Michigan Republican House leaders are not ruling out anything as they consider a Senate-passed plan to overhaul the state’s auto no-fault insurance that Gov. Gretchen Whitmer has already threatened to veto.
Just hours after the GOP-controlled Senate approved Senate Bill 1 allowing drivers to opt out of mandatory injury coverage included in current auto insurance plans, Whitmer condemned and vowed to veto the measure if the state House passes it as written.
“Today’s action by the Senate creates more problems than it solves. It preserves a corrupt system where insurance companies are allowed to unfairly discriminate in setting rates and the only cuts it guarantees are to drivers’ coverage,” the governor said in a statement early Tuesday evening. “I am only interested in signing a reform bill that is reasonable, fair and protects consumers and this is not it. If this bill comes to my desk, I will veto it.”
For years, reforms to Michigan’s no-fault law have been on the wish list of the insurance industry and others, including Quicken Loans founder Dan Gilbert. Many previous attempts have failed, including a last-ditch effort in last year’s Lame Duck session.
The issue is a top priority for GOP leaders this term. However, the state House has yet to vote on its own legislation.
House members and Whitmer would still need to approve the Senate plan before it could become law. With a Democratic governor threatening to veto that legislation, the GOP House majority may have to be more willing to negotiate.
Asked whether he would support requiring rate reductions — a major point of contention for Senate Democrats who voted against the plan — House Speaker Lee Chatfield (R-Levering) said his caucus is considering everything.
“The people of our state are demanding rate relief. We need to ensure that any reform that we pass actually delivers it, so all options are on the table as we discuss these things,” Chatfield told reporters after the Senate vote. “I’m open to any conversation of any reform that will lower rates for the people of our state,” he continued.
The current Senate-approved plan allows drivers who already have public or private health insurance to opt out of auto insurance that includes coverage for emergency and long term medical care, or Personal Injury Protection (PIP). The current system requires that coverage.

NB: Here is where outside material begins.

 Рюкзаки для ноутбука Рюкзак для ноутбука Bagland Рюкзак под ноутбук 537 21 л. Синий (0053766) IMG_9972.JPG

A nonpartisan Senate Fiscal Agency analysis of the legislation says the Senate plan would allow people to choose from two levels of injury protection: $50,000, with an additional $200,000 in case of “medically necessary treatment” at an acute care center or hospital emergency room and a separate $250,000 option.
Sen. Aric Nesbitt (R-Lawton) said drivers will see at least a $180 savings once Michigan Catastrophic Claims Association fees are cut to about $40. Although he said lower-tier coverage would drop prices, that is not required by the legislation.

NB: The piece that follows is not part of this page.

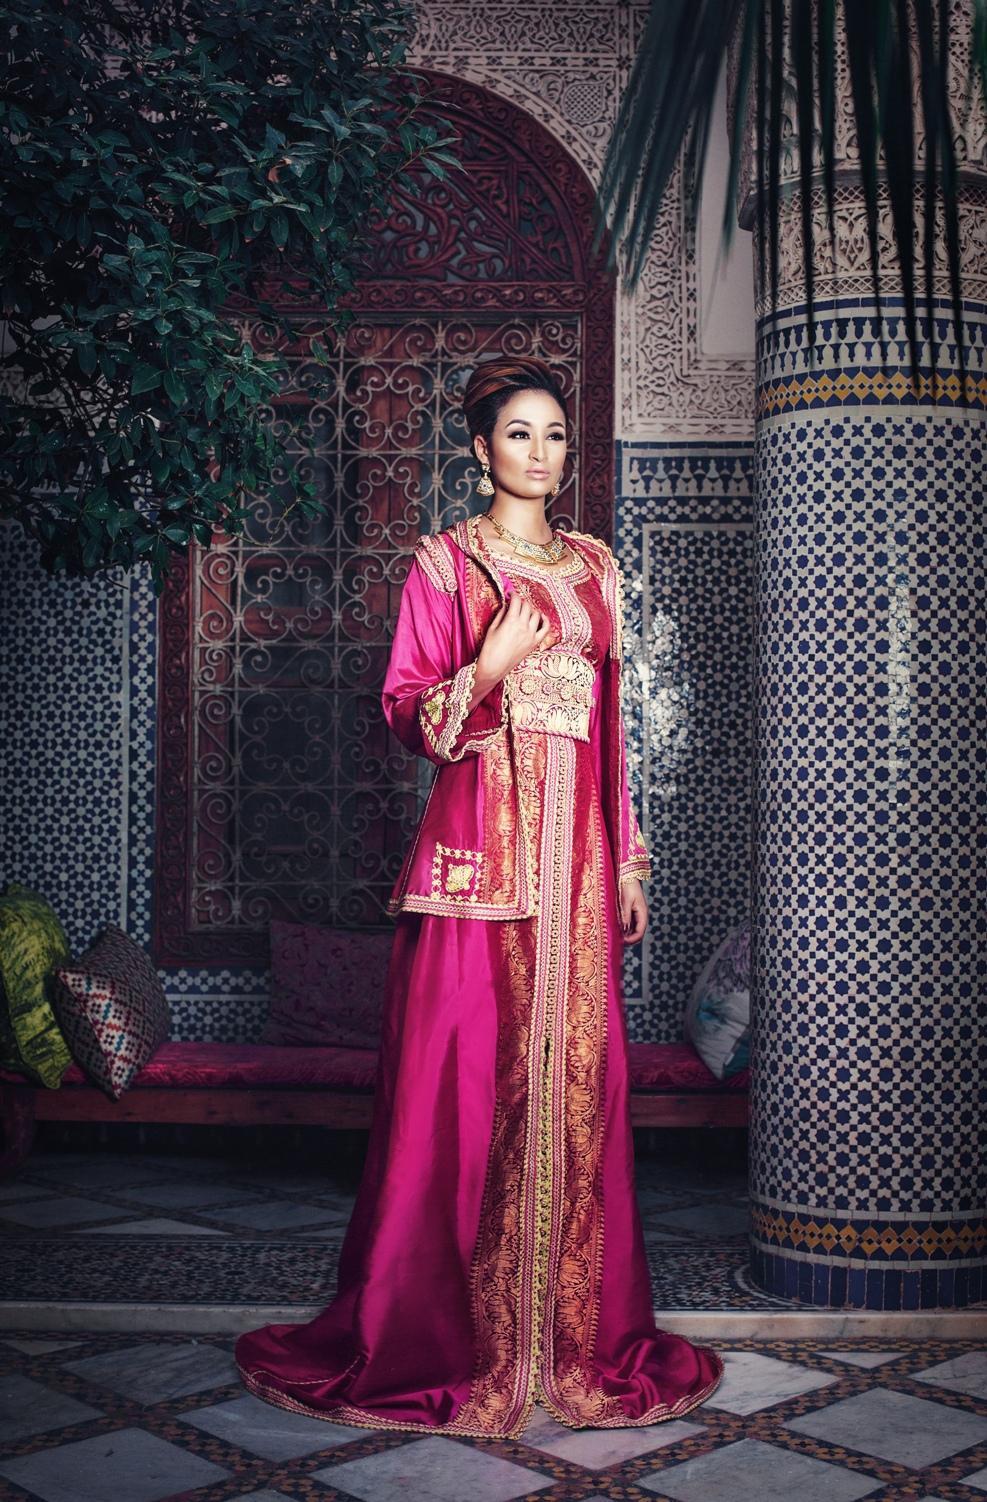 Intalnire cu femeile marocane

House Republicans have convened a special committee that has looked into these issues for months.
The panel’s chair, state Rep. Jason Wentworth (R-Clare), said committee members have discussed requiring rate reductions, but House Republicans have not yet committed to anything.
Most Senate Democrats objected to the legislation for failing to include clearly defined rate reductions and not banning insurance companies from using non-driving factors such as credit scores, ZIP codes, gender and education levels in setting rates.
But in the House, mandated price reductions are still on the table.
“It’s something that we’ve discussed in detail in the committee process and we’re going to continue those discussions,” Wentworth said. “I think it’s important that everything is on the table at this point. We’re looking for consensus to get this done for the people of Michigan.”
House Democrats from Detroit — where residents face some of the nation’s highest auto insurance rates — have already come out in opposition to the Senate plan as written.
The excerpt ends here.